On 17 December 2011, aged 70, Évora dies in São Vicente, Cape Verde, from respiratory failure and hypertension. In a Spanish newspaper, we read that she was still smoking and receiving people at her popular home in Mindelo right before her death

It is a perfect footnote that an airport is named after the woman who spent her life transporting the culture of her home, the previously almost unknown Morna blues, into the international sphere.

Where, what, how, Morna

The very specific music genre that was strongly associated with the islands combines West African percussion with Portuguese fados, Brazilian modhinas, and British sea shanties.

It is believed that Morna was first played in the Boa Vista Island in the 18th Century. Even with the influx of new musical genres in Cape Verde in the 19th Century, the style remained unchanged.
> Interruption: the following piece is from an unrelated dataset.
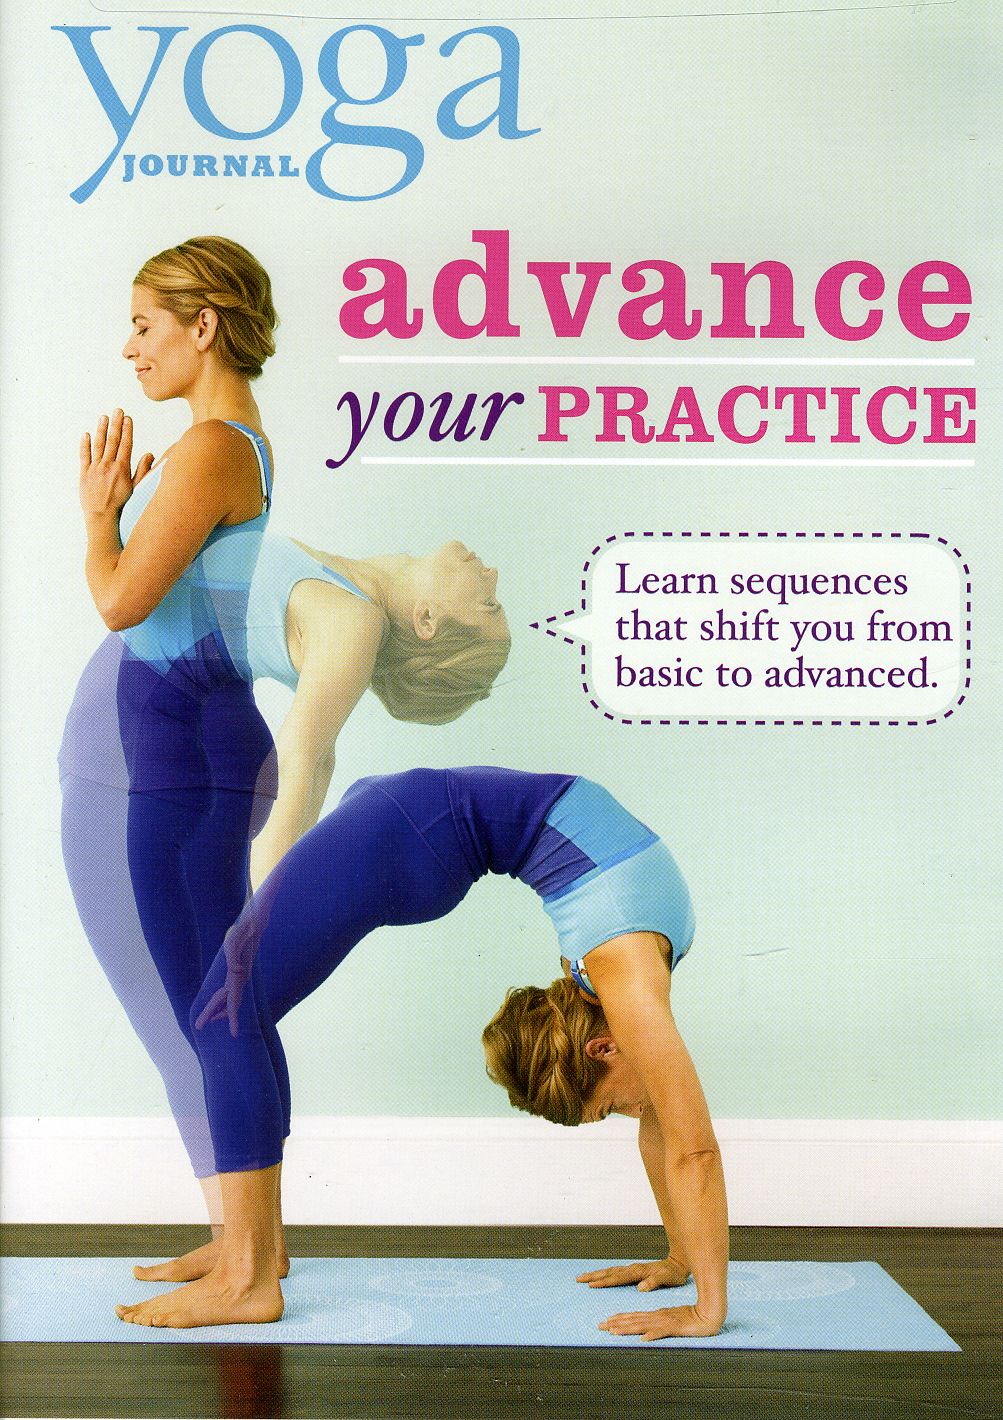 YOGA JOURNAL: ADVANCE YOUR PRACTICE FROM BEGINNER
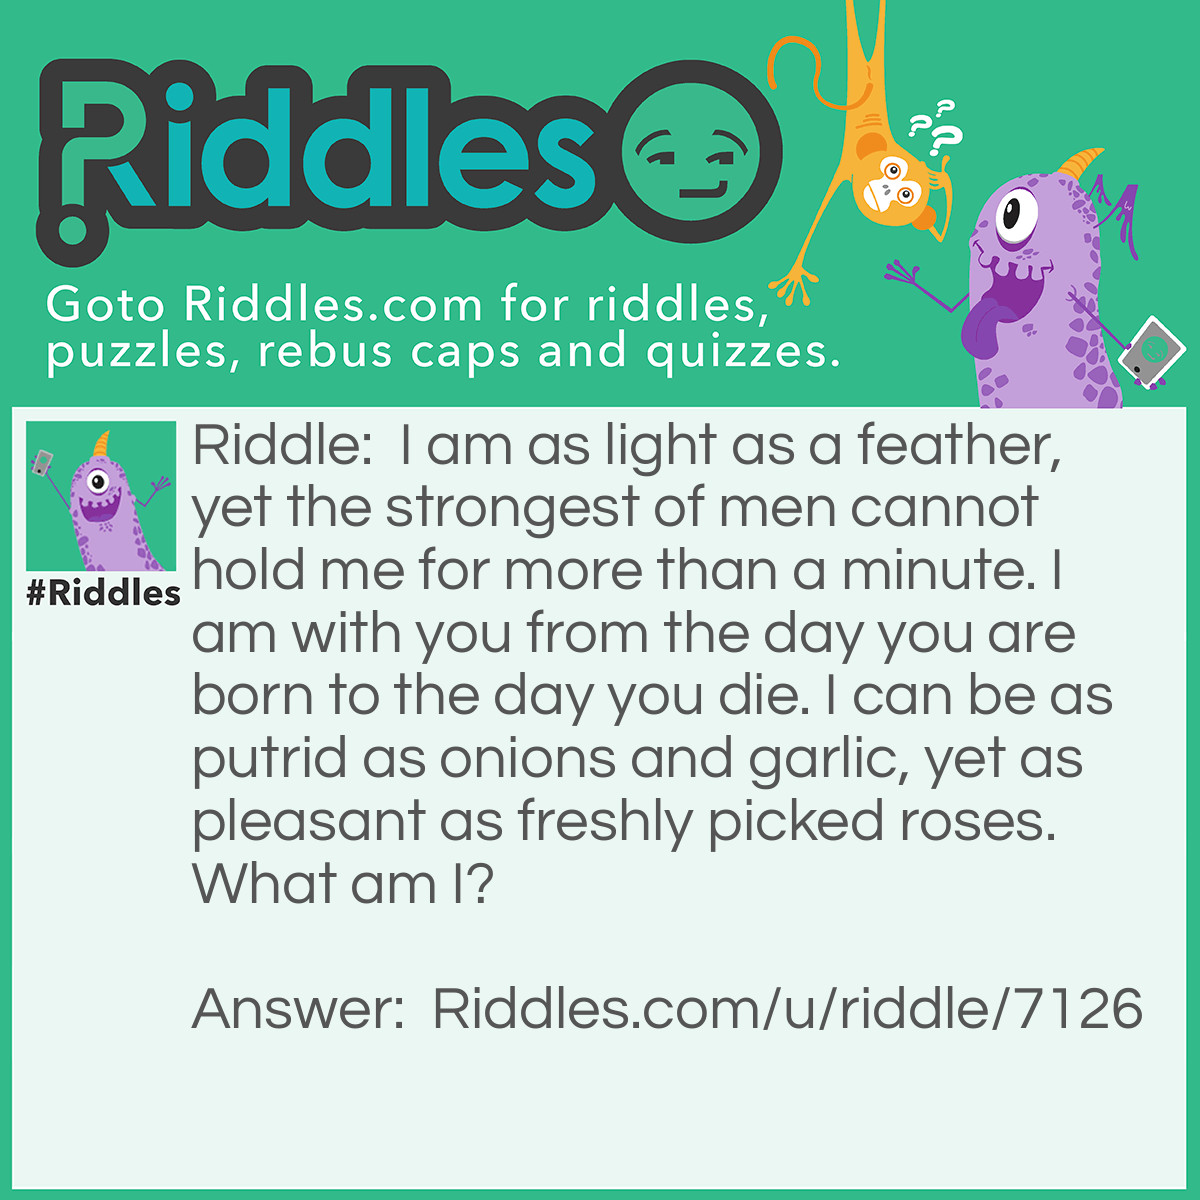 Riddle: I am as light as a feather, yet the strongest of men cannot hold me for more than a minute. I am with you from the day you are born to the day you die. I can be as putrid as onions and garlic, yet as pleasant as freshly picked roses. What am I? Answer: Breath.

Some musicologists think the Morna owes its existence to the Lundum (also introduced to Cape Verde’s in the 18th Century) or the Choros – plaintive songs performed on particular occasions. It is very likely that the Morna was the result of a marriage between the choros and the lundun. A child with a slower tempo and more complex harmonic structure.

Regardless of its origin, the style gradually spread to other islands.

The origin of the name is also lost in the mists of time. Some believe it is linked to the English word ‘mourn’ others from the ‘morne’ hills in the French Antilles but most think it comes from the Portuguese ‘morno’ which means warm.

The Morna ballads speak of poverty, longing, and parting and there is no need to understand either the Portuguese or Cape Verde Creole to find yourself fully immersed in every song carried along Cesária’s languid vocals and blasé glamour. Évora somehow always manages that trick of conjuring nostalgia without saccharine affectation.

Her music maintains a laser focus on what is truly important. Spinning like a vortex around her voice, carrying the stories of her culture in a language that is perfectly understandable even though you might not know a single word.

Cesária Évora blazed the way for others such as the Buena Vista Social Club

And brought a little slice of Africa and incredible happiness to humans all over the world.